Category Archives: Site Security
Security – Keeping it Off the Web (Page 1 of 2)
The topic of website security is seldom brought up among non-programmers and those who may not be technically inclined, yet if you operate a website, it is an issue of substantial concern to you.
Addressed in this article is a nearly universal problem, it affects almost every single PHP or CGI script I’ve ever seen. We won’t delve into the technical issues too far, this is intended for the web site owner, someone who might install the occasional PHP file or CGI script. I will assume you are not a software developer.
A general rule I like to follow when installing php scripts or web applications is this: If it doesn’t need to be on the web, it shouldn’t be there.
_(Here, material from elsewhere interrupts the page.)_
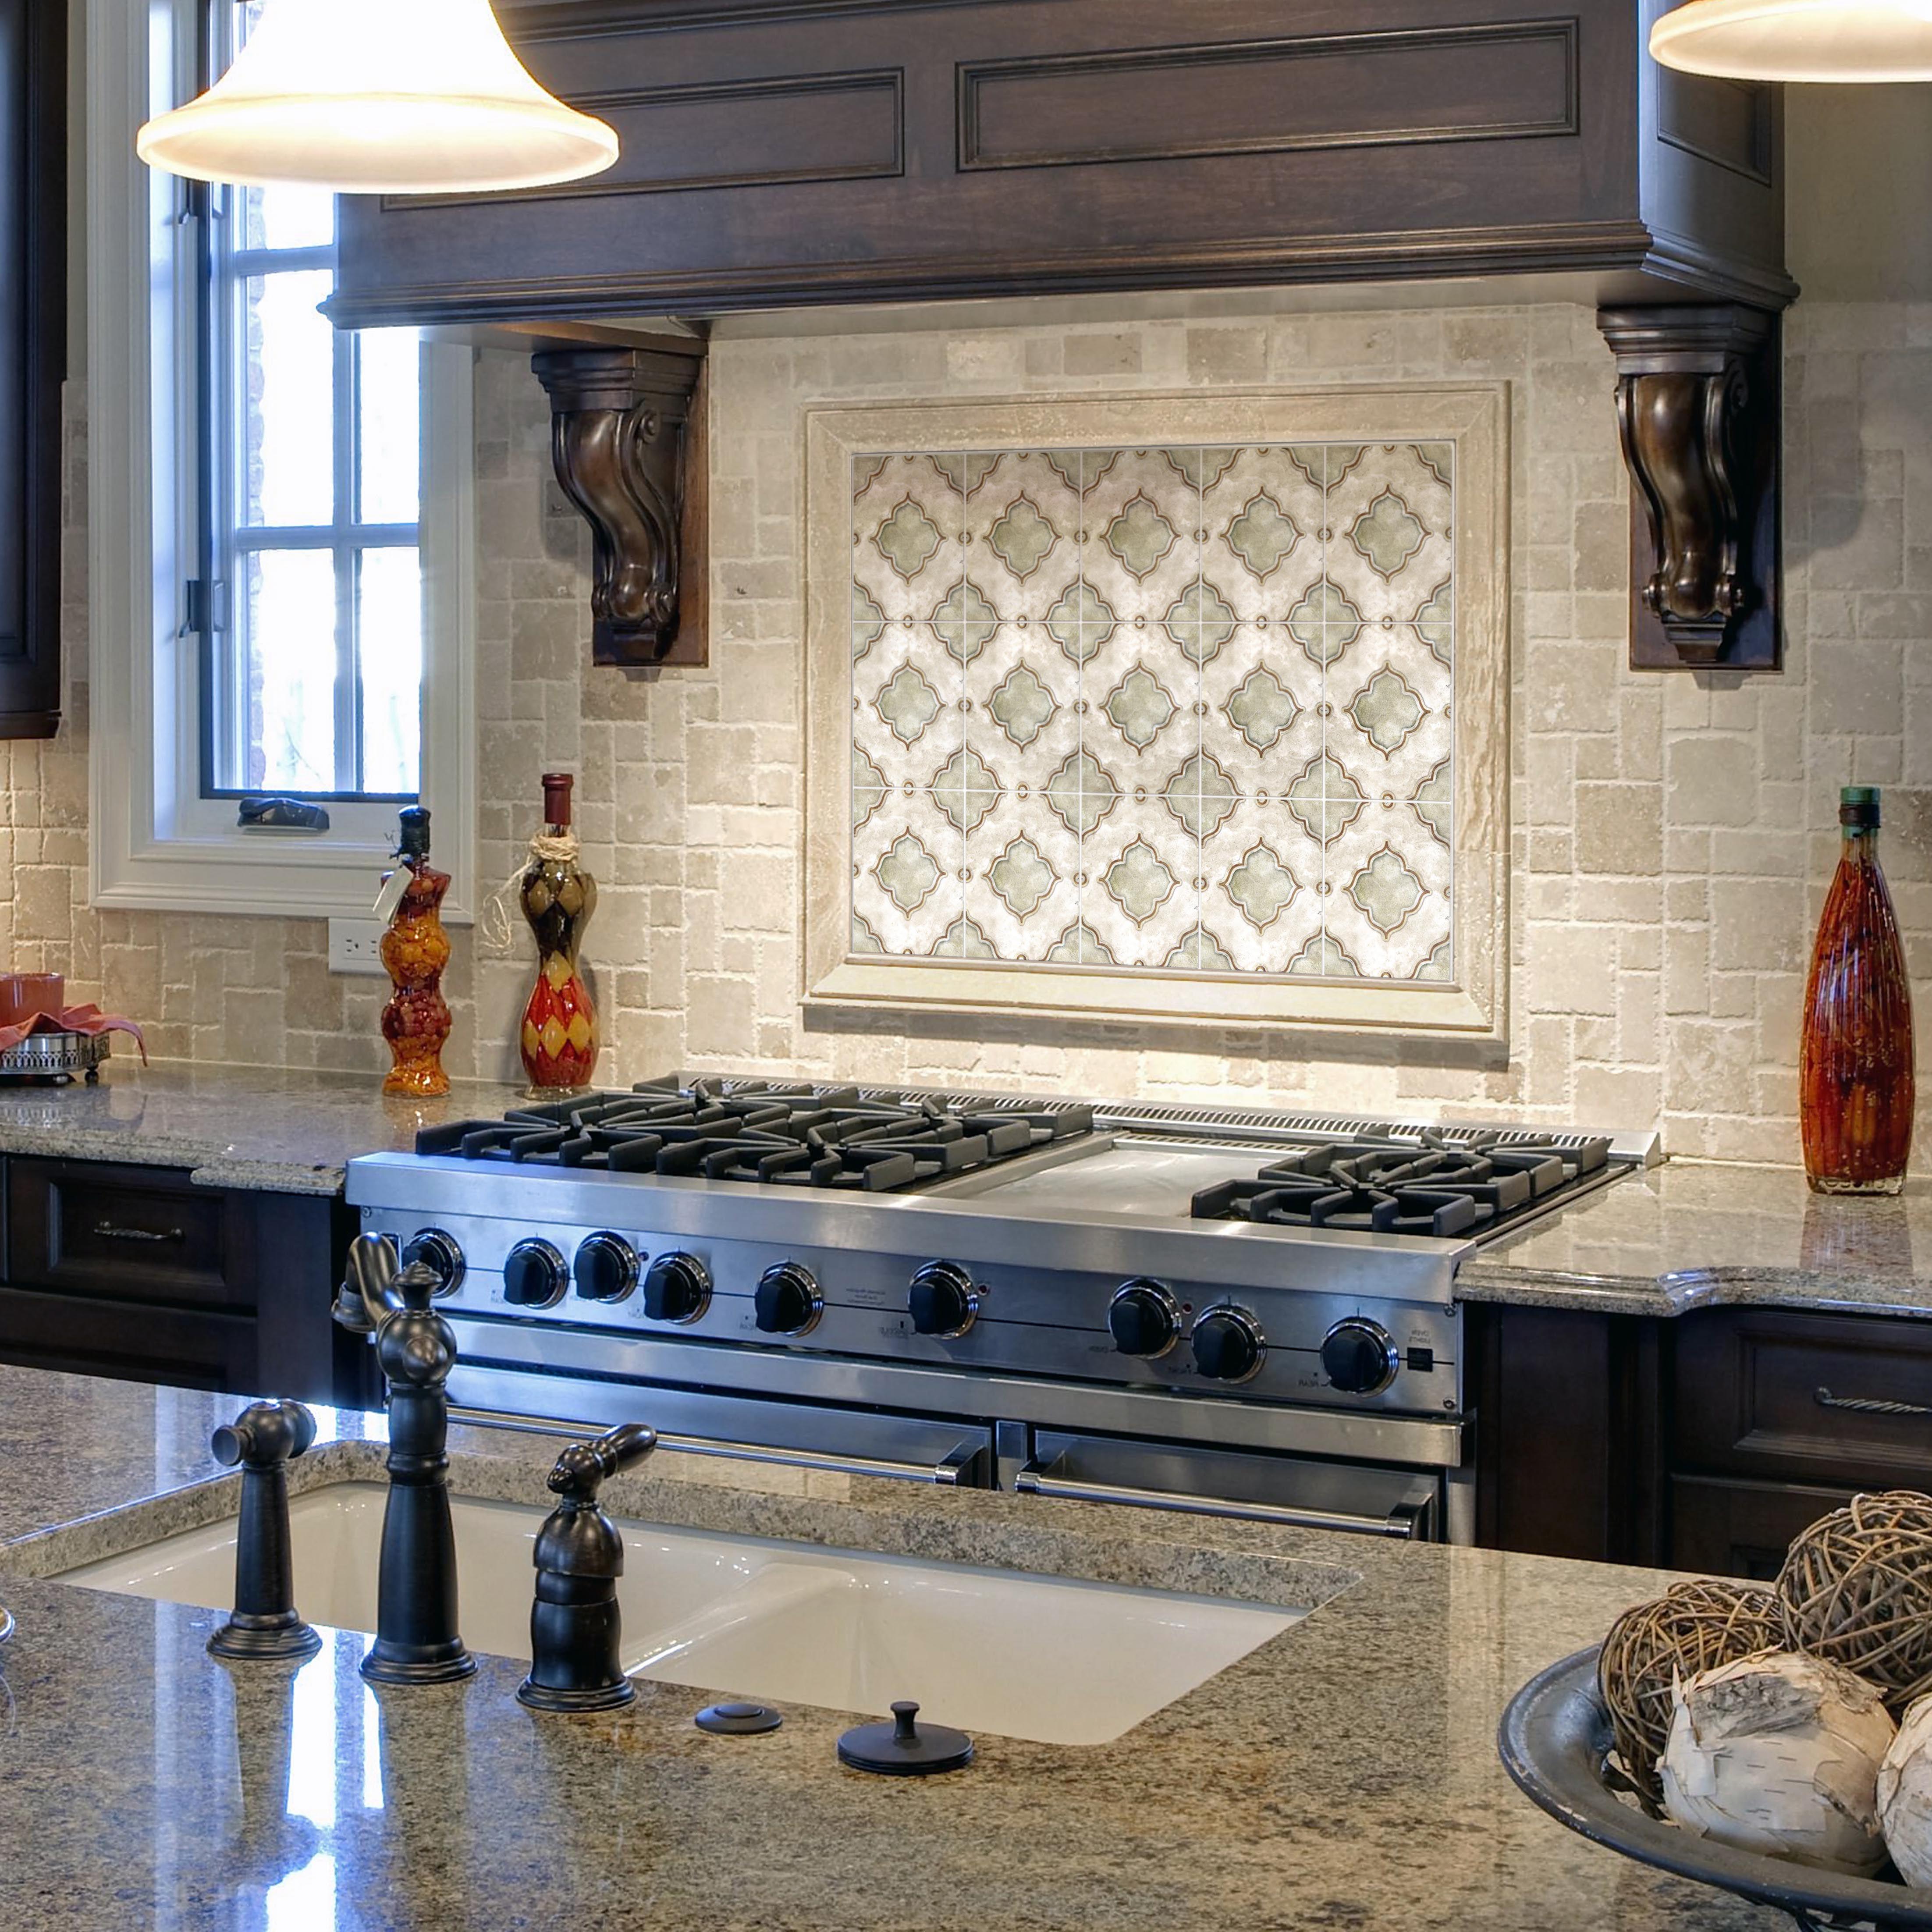 The Kensington Pattern From The Artisan Stone Tile Durango Enchanting Kitchen Backsplash Designs Pictures Design Ideas

This is obvious, but it has implications that are not always clear.
What we are mainly referring to is configuration and to a lesser extent, program libraries and source code. It may also apply to files and other resources that are controlled through a script interface. An example of this would be scripts that charge money for downloading files or set up newsletters. Lets start with an example, we’ll call it program.php. In our example, program.php is a database application using mysql to store information.
For our script to do it’s job, it will need access to your mysql password and user-name. It may also need access to many other program files and so-forth.
During installation, a control panel probably asked for your mysql credentials, it may even have asked you to change the file permissions on a configuration file of some sort. You’ve probably been through this type of install process at one time or another.
What it will do next, is write your database password and other private information to a configuration file. This usually happens without your knowledge, it is also where our problems begin.
Most people don’t catch this right away, if the configuration file is in the same directory (or sub-directory) it is web accessible. Quite often it is a php file, usually with write permissions turned on.
The extension .php does afford some degree of protection, under normal circumstances these files aren’t sent to a visitors browser but it is still unsafe.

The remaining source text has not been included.